Indeed; this is what makes 4Suite's cDomlette so fast.
Of course, if you use a C++ parser (say, Xerces), and then create
wrapper objects around the tree that Xerces produces, you lose some of
the advantages by creating more objects than necessary.
Regards,
Martin
I can definitely agree with this. While the XML work I've been doing
has also involved DOM operations (parsing isn't interesting on its
own, after all), I've seen the performance of different packages in
order of decreasing speed to be: cDomlette, minidom, 4DOM. However,
I'm deliberately not using the extra functionality of 4DOM.
[...]
> When completed, it still gives you a Python-conforming DOM tree. That
> DOM tree misses some of the DOM functionality, though, that's why they
> call it a Domlette.
Still, cDomlette does have things like importNode which are missing
from minidom (which at least was missing from PyXML a couple of
releases ago).
Paul
And cDomlette produces document representations that can be
manipulated using standards-compliant APIs, too, for those of us that
care about that kind of thing. Hats off to Fourthought! :-)
Paul
Quick question... I've got benchmark results for most of the options, but I haven't been able to track down cDomlette yet (google didn't turn up any obvious links).

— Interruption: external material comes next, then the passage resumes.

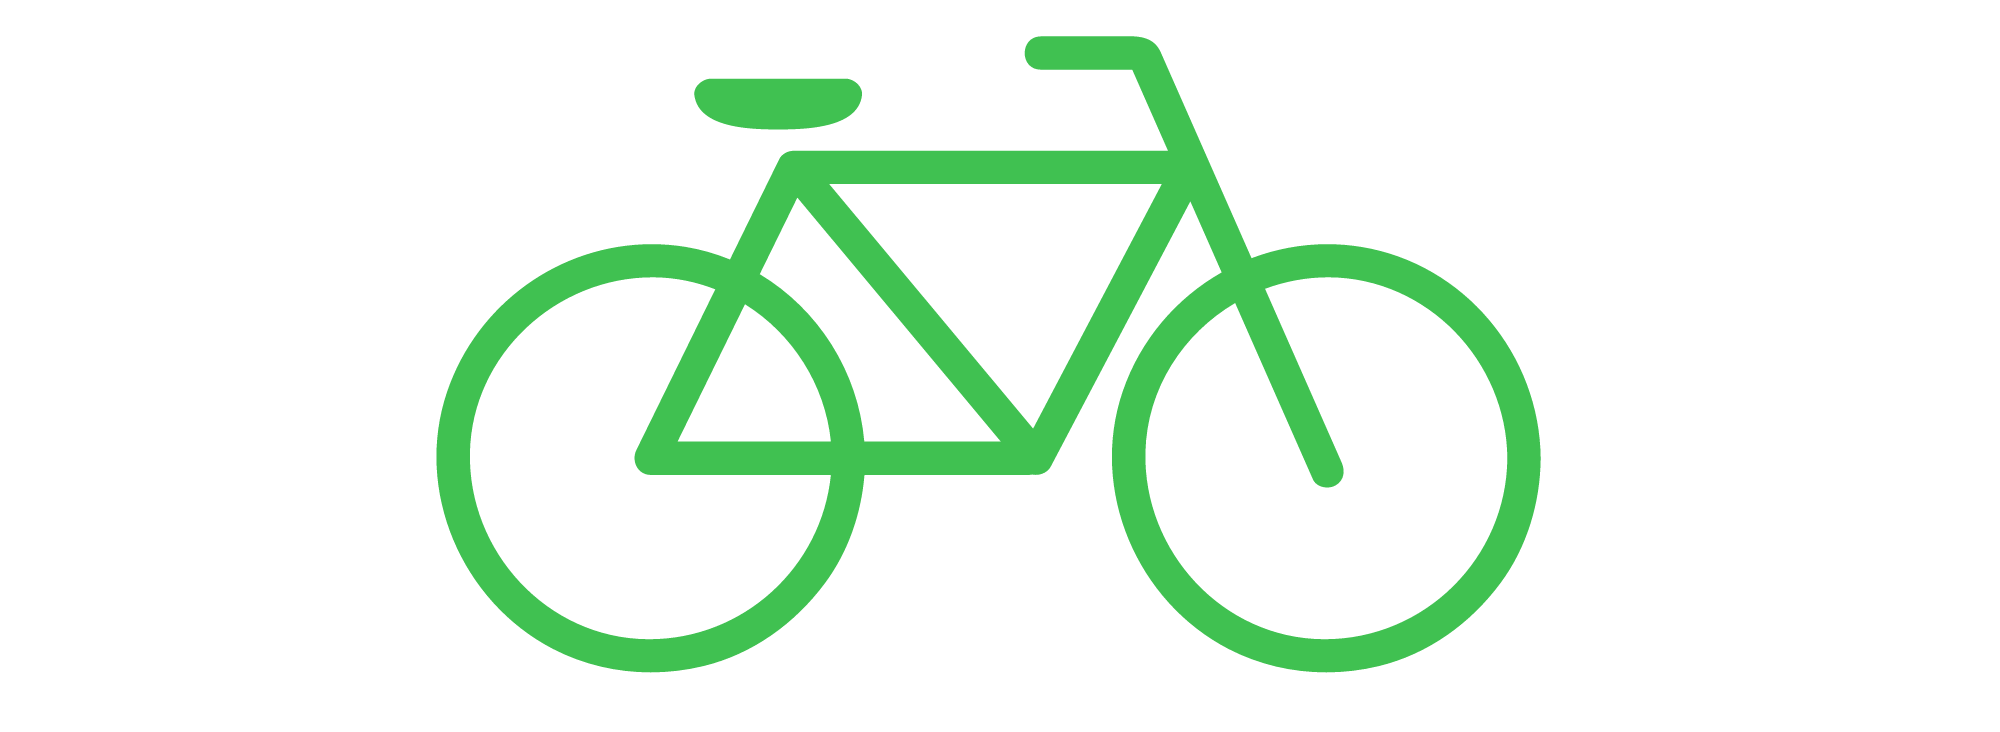 Clipart bike green bike, Clipart bike green bike Transparent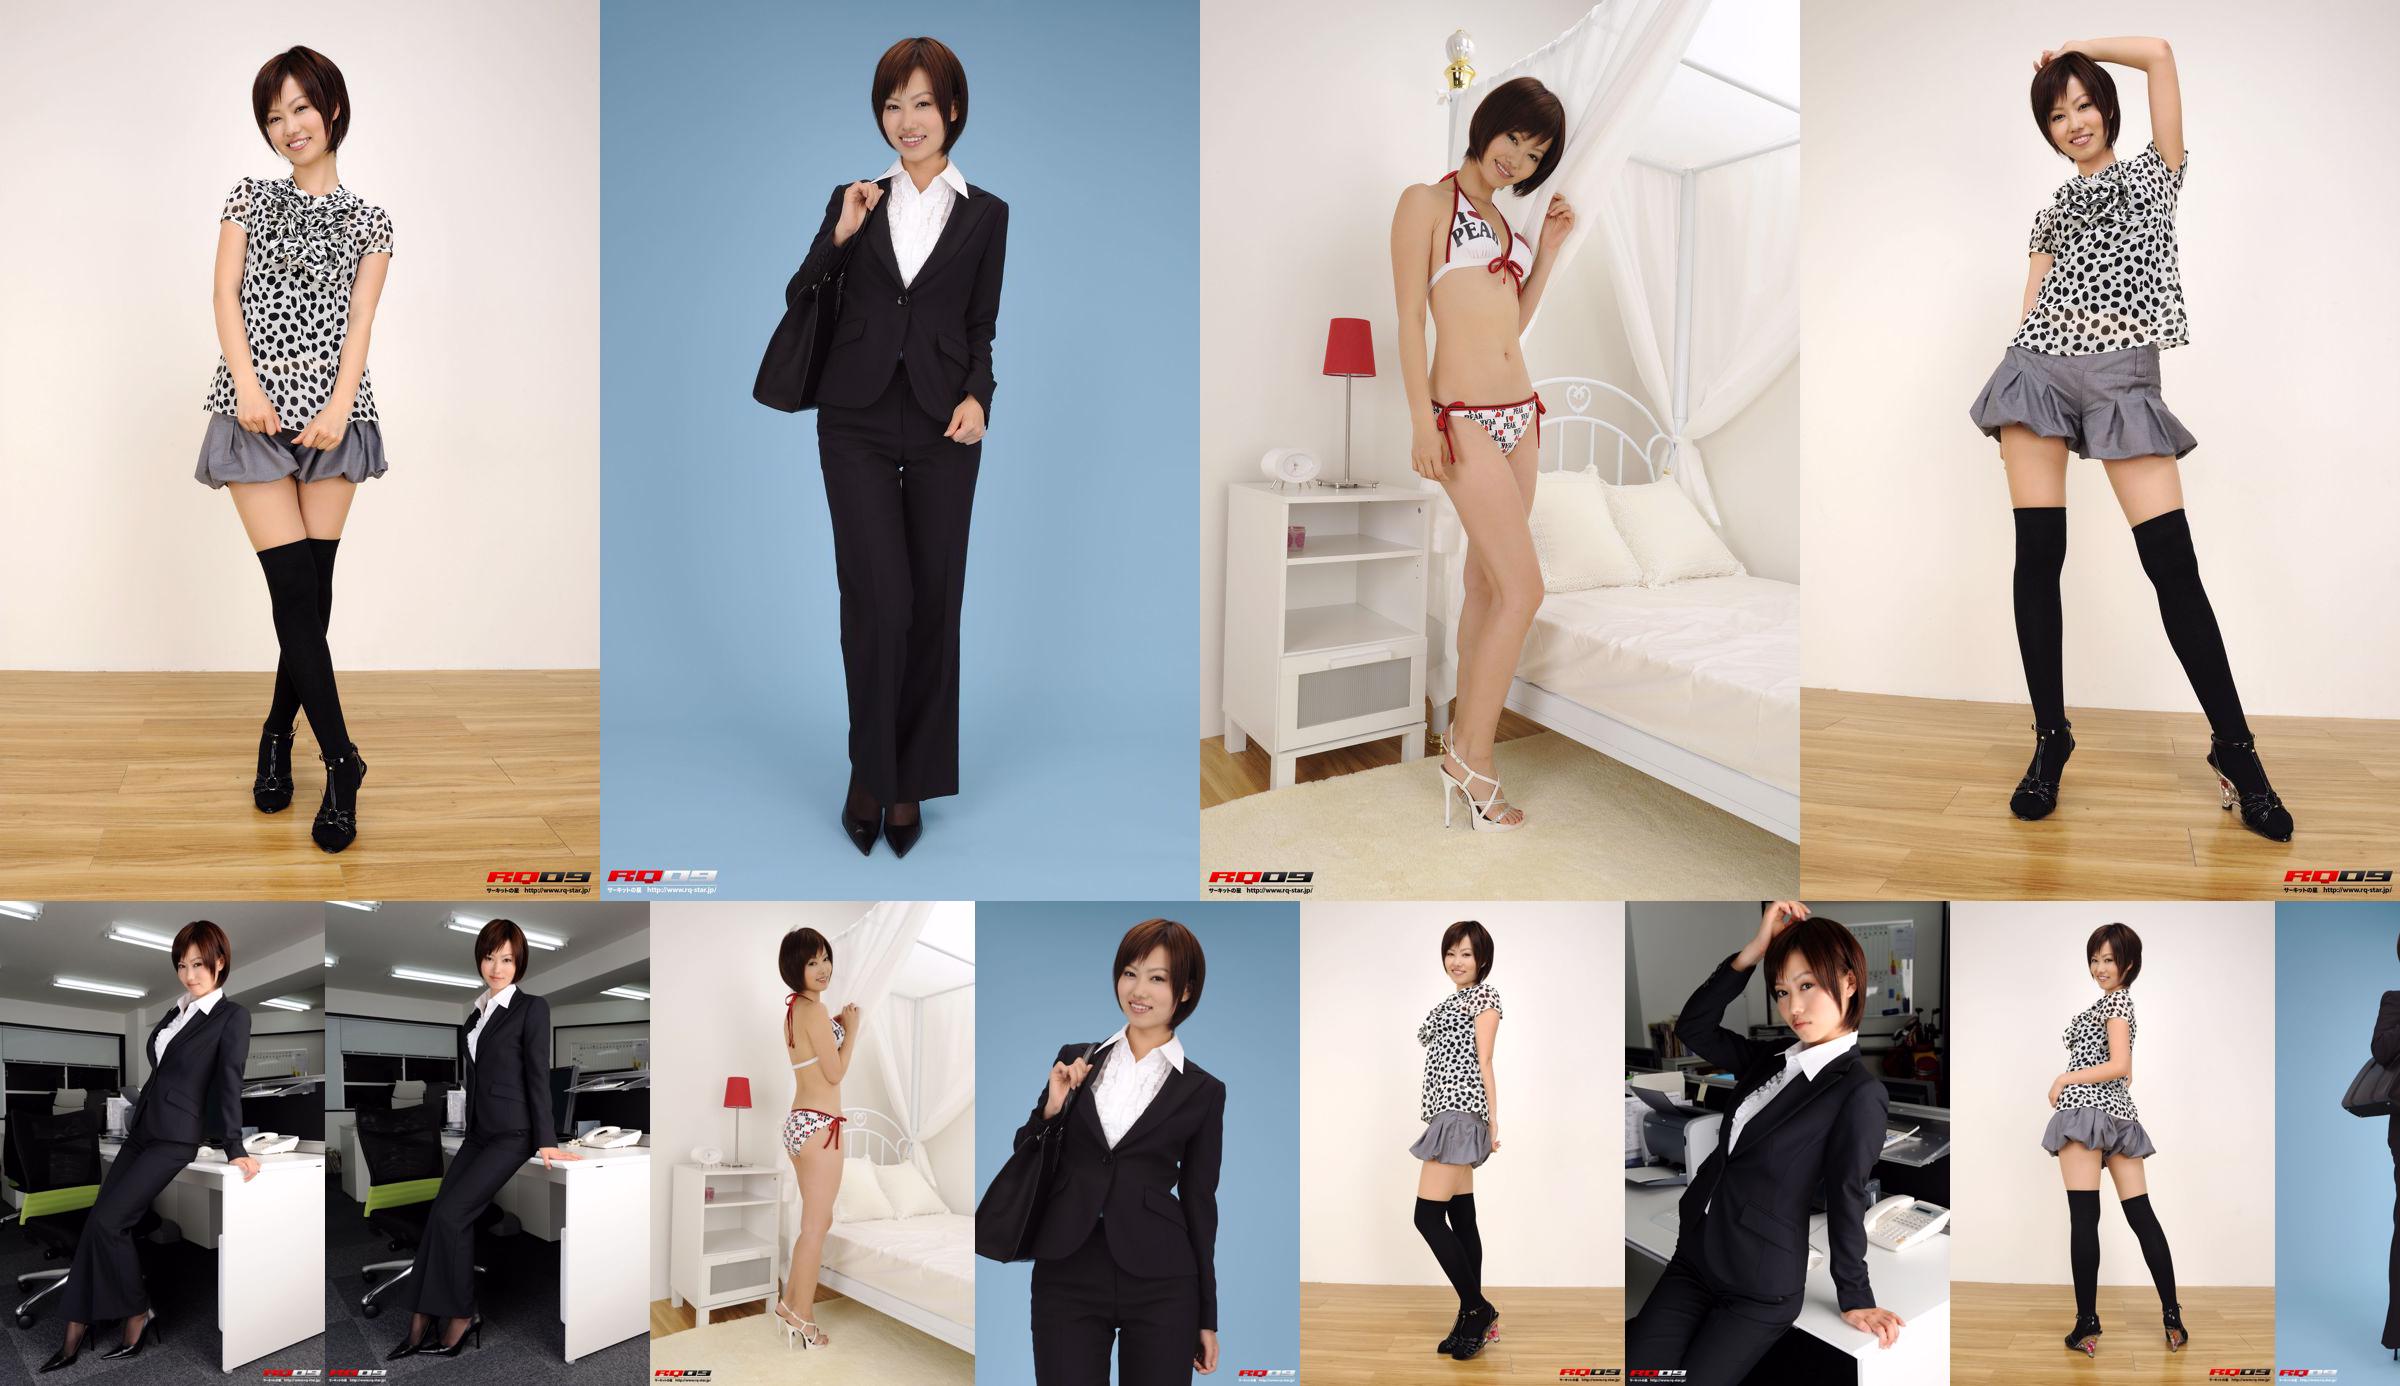 [RQ-STAR] NO.00155 Fujimura Misato / Fujimura Edison Recruit Style Office Beauty-Serie No.772c35 Seite 2

Does anyone know where I can download it (and the documentation :-) I'll post my benchmarks in a couple of days...
-- bjorn
> Quick question... I've got benchmark results for most of the
> options, but I haven't been able to track down cDomlette yet (google
> didn't turn up any obvious links). Does anyone know where I can
> download it (and the documentation :-) I'll post my benchmarks in a
> couple of days...
It's part for 4Suite, www.4Suite.org. If you download the 4Suite beta
(which you should), it is in Ft.Lib.cDomlette. You can find usage
examples in
http://uche.ogbuji.net:8080/uche.ogbuji.net/tech/akara/pyxml/domlettes
Regards,
Martin
What Martin said.
I just want to point out another friendly introduction.
http://www.xml.com/pub/a/2002/10/16/py-xml.html
And if you use Python 2.2 you may also want to see my tips on using
generators with DOM, which often give a speed advantage.
http://www.xml.com/pub/a/2003/01/08/py-xml.html
--Uche
http://uche.ogbuji.net